Working set heuristics and the Linux kernel: my MSc report


My MSc project was titled “Applying Working Set Heuristics to the Linux Kernel” and my aim was to test some local page replacement policies in Linux, which uses a global page replacement algorithm, based on the “2Q” principle.

There is a precedent for this: the so-called “swap token” is a local page replacement policy that has been used in the Linux kernel for some years.

My aim was to see if a local replacement policy graft could help tackle “thrashing” (when a computer spends so much time trying to manage memory resources – generally swapping pages back and forth to disk – it makes little or no progress with the task itself).

The full report (uncorrected – the typos have made me shudder all the same) is linked at the end, what follows is a relatively brief and simplified summary.

Fundamentally I tried two approaches: acting on large processes when the number of free pages fell to one of the watermark levels used in the kernel and acting on the process last run or most likely to run next.

For the first my thinking – backed by some empirical evidence – was that the largest process tended to consume much more memory than even the second largest. For the second the thought was that make the process next to run more memory efficient would make the system as a whole run faster and that, in any case the process next to run was also quite likely (and again some empirical evidence supported this) to be the biggest consumer of memory in the system.

To begin I reviewed the theory that underlies the claims for the superiority of the working set approach to memory management – particularly that it can run optimally with lower resource use than an LRU (least recently used) policy.
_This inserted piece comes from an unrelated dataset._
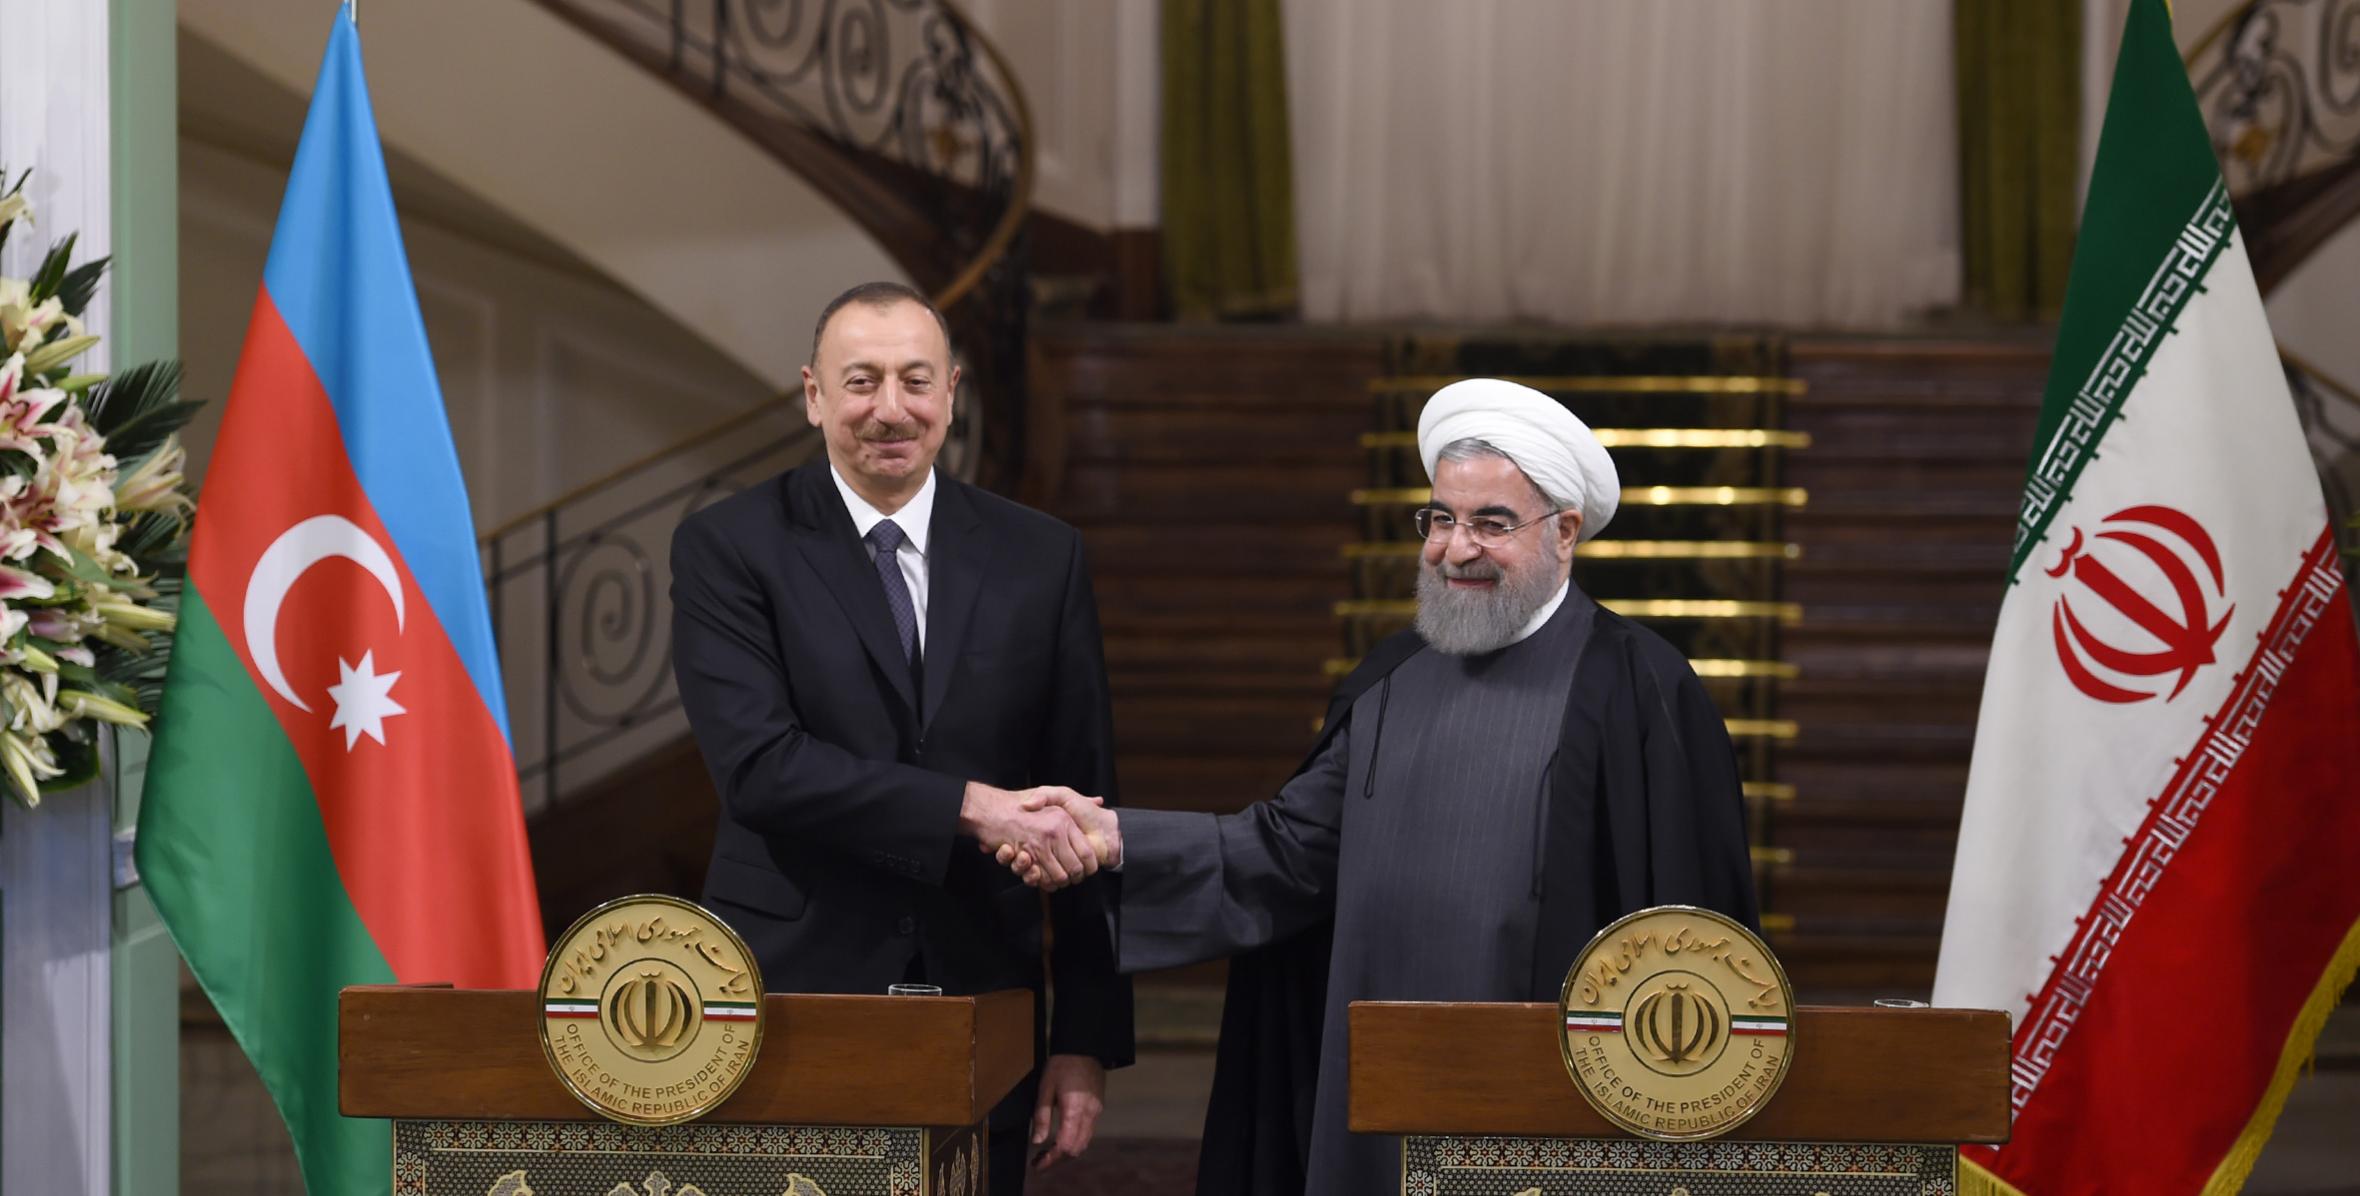 Президенты Азербайджана и Ирана выступили с заявлениями для печати

Peter Denning, the discoverer of the “working set” method and its chief promoter, argued that programs in execution do not smoothly and slowly change their fields of locality, but transition from region to region rapidly and frequently.

The evidence I collected – using the Valgrind program and some software I wrote to interpret its output, showed that Denning’s arguments appear valid for today’s programs.
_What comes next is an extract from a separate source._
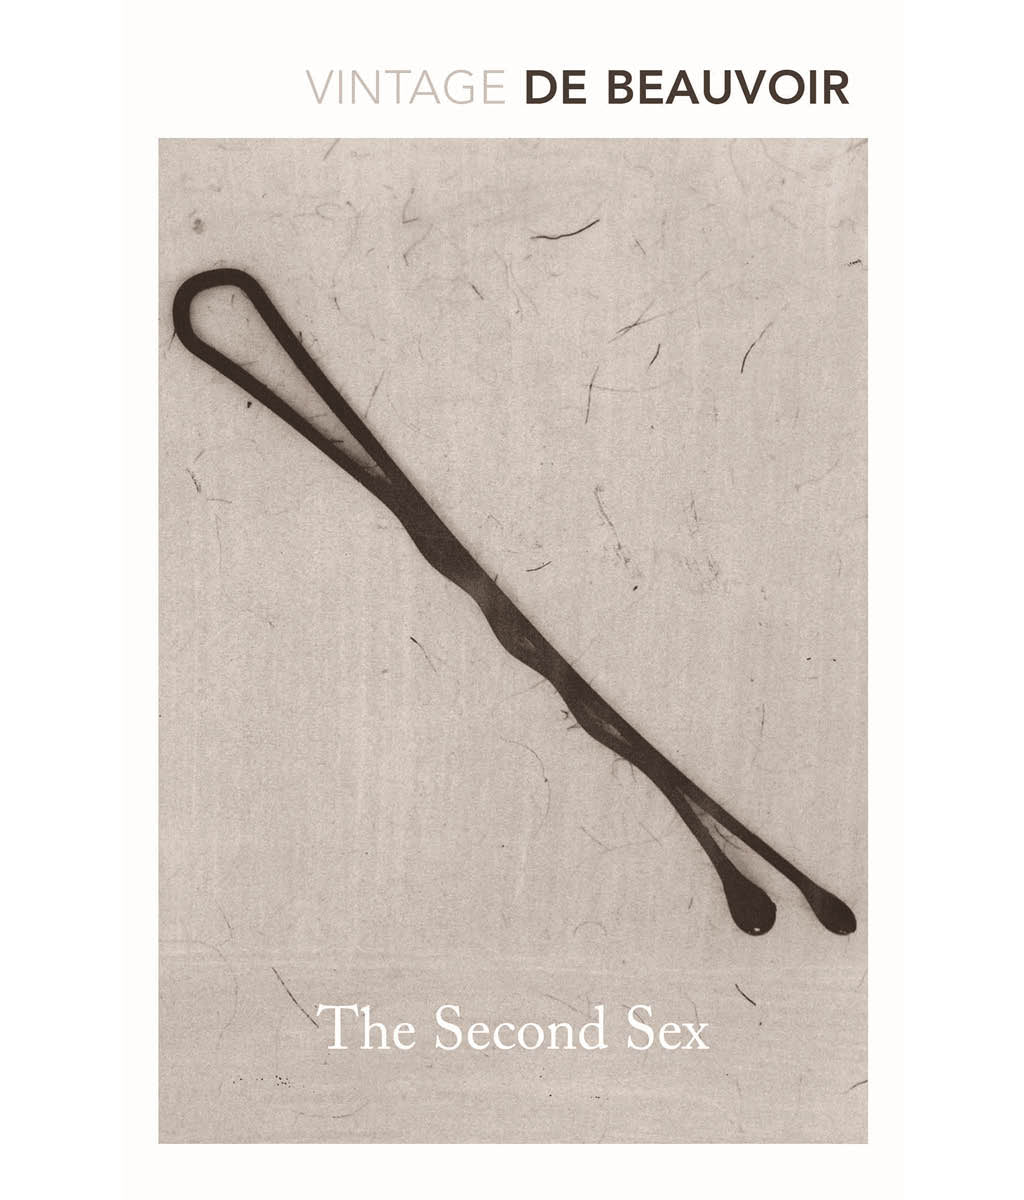 The second sex by Simone de Beuvour

Here, for instance is the memory access pattern of Mozilla Firefox:

Mozilla Firefox memory usageWorking set size can therefore vary rapidly, as this graph shows:

Working set size for Mozilla FirefoxIt can be seen that peaks of working set size often occur at the point of phase transition – as the process will be accessing memory from the two phases at the same time or in rapid succession.
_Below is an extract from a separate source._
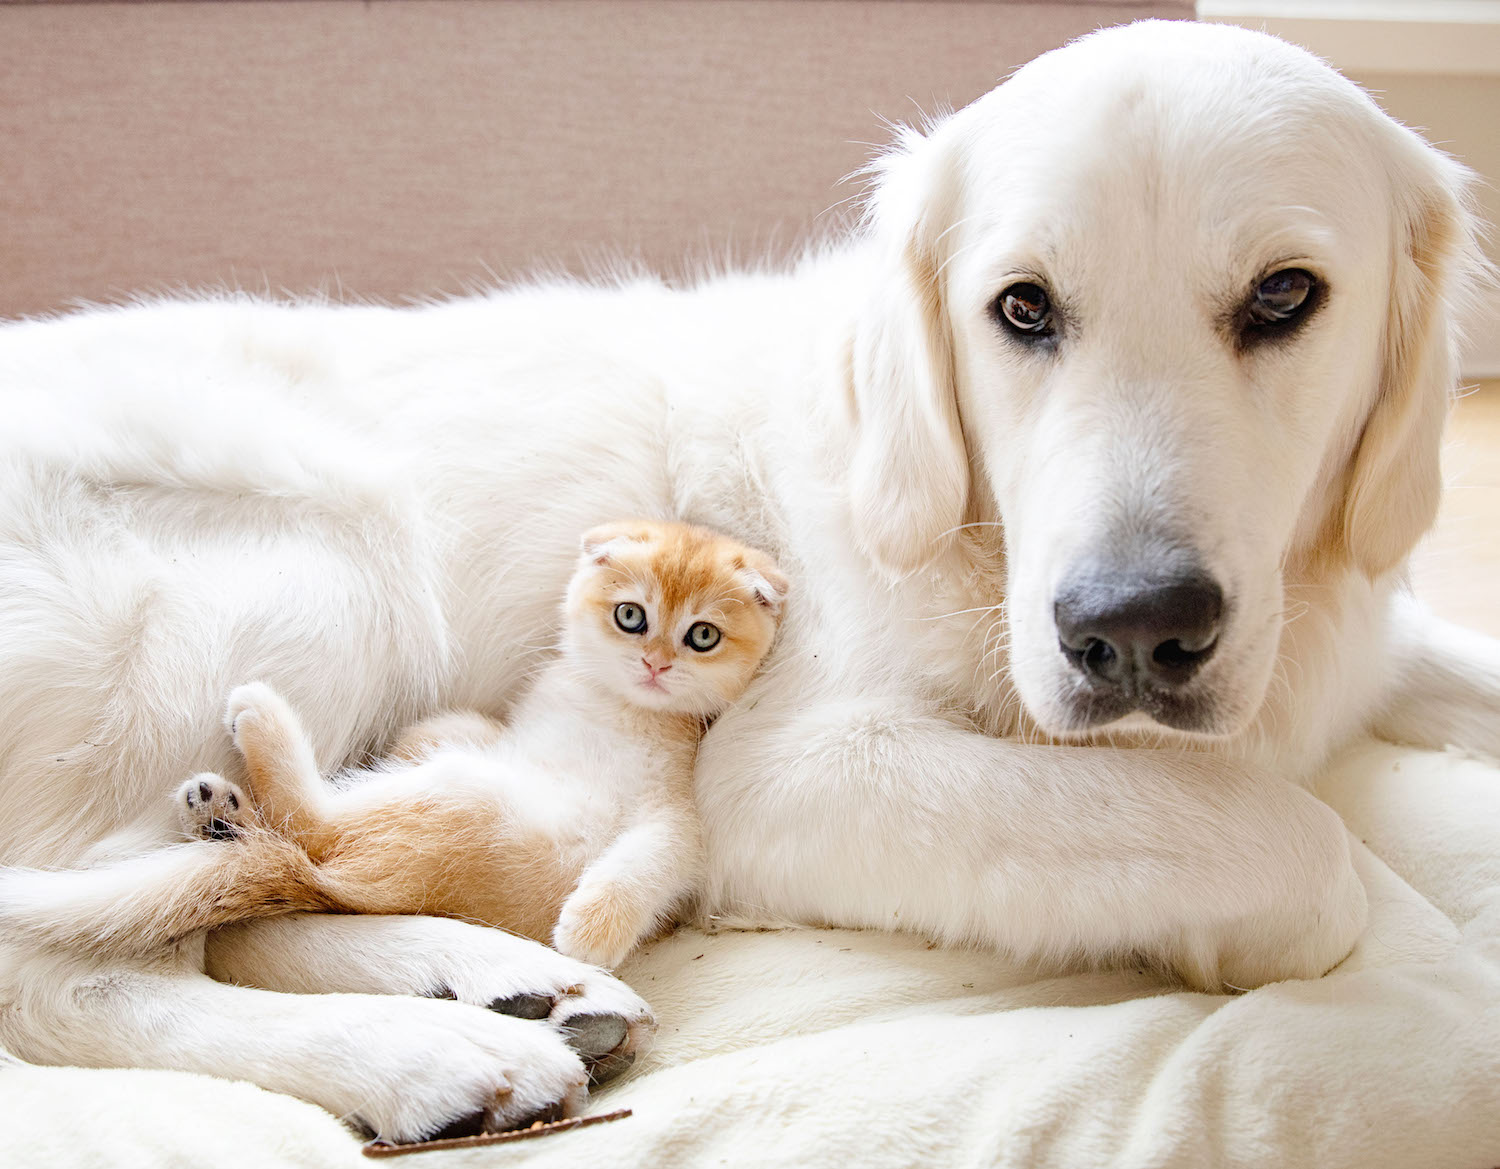 Xem hình chú chó và mèo con dễ thương, bạn sẽ có cảm giác như đang nhìn vào hai thiên thần cưng của một gia đình. Với đôi mắt to tròn, tính cách tinh nghịch đáng yêu, chúng sẽ làm trái tim bạn tan chảy.

Denning’s argument is that the local policy suggested by the working set method allows for this rapid change of locality – as the memory space allocated to a given program is free to go up and down (subject to the overall constraint on resources, of course).

He also argued that the working set method will – at least in theory – deliver a better space time product (a measure of overall memory use) than a local LRU policy. Again my results confirmed his earlier findings in that they showed that, for a given average size of a set of pages in memory, the working set method will ensure longer times between page faults, compared to a local LRU policy – as shown in this graph:

Firefox lifetime curvesHere the red line marks the theoretical performance of a working set replacement policy and the blue line that of a local LRU policy. The y-axis marks the average number of instructions executed between page faults, the x-axis the average resident set size. The working set method clearly outperforms the LRU policy at low resident set values.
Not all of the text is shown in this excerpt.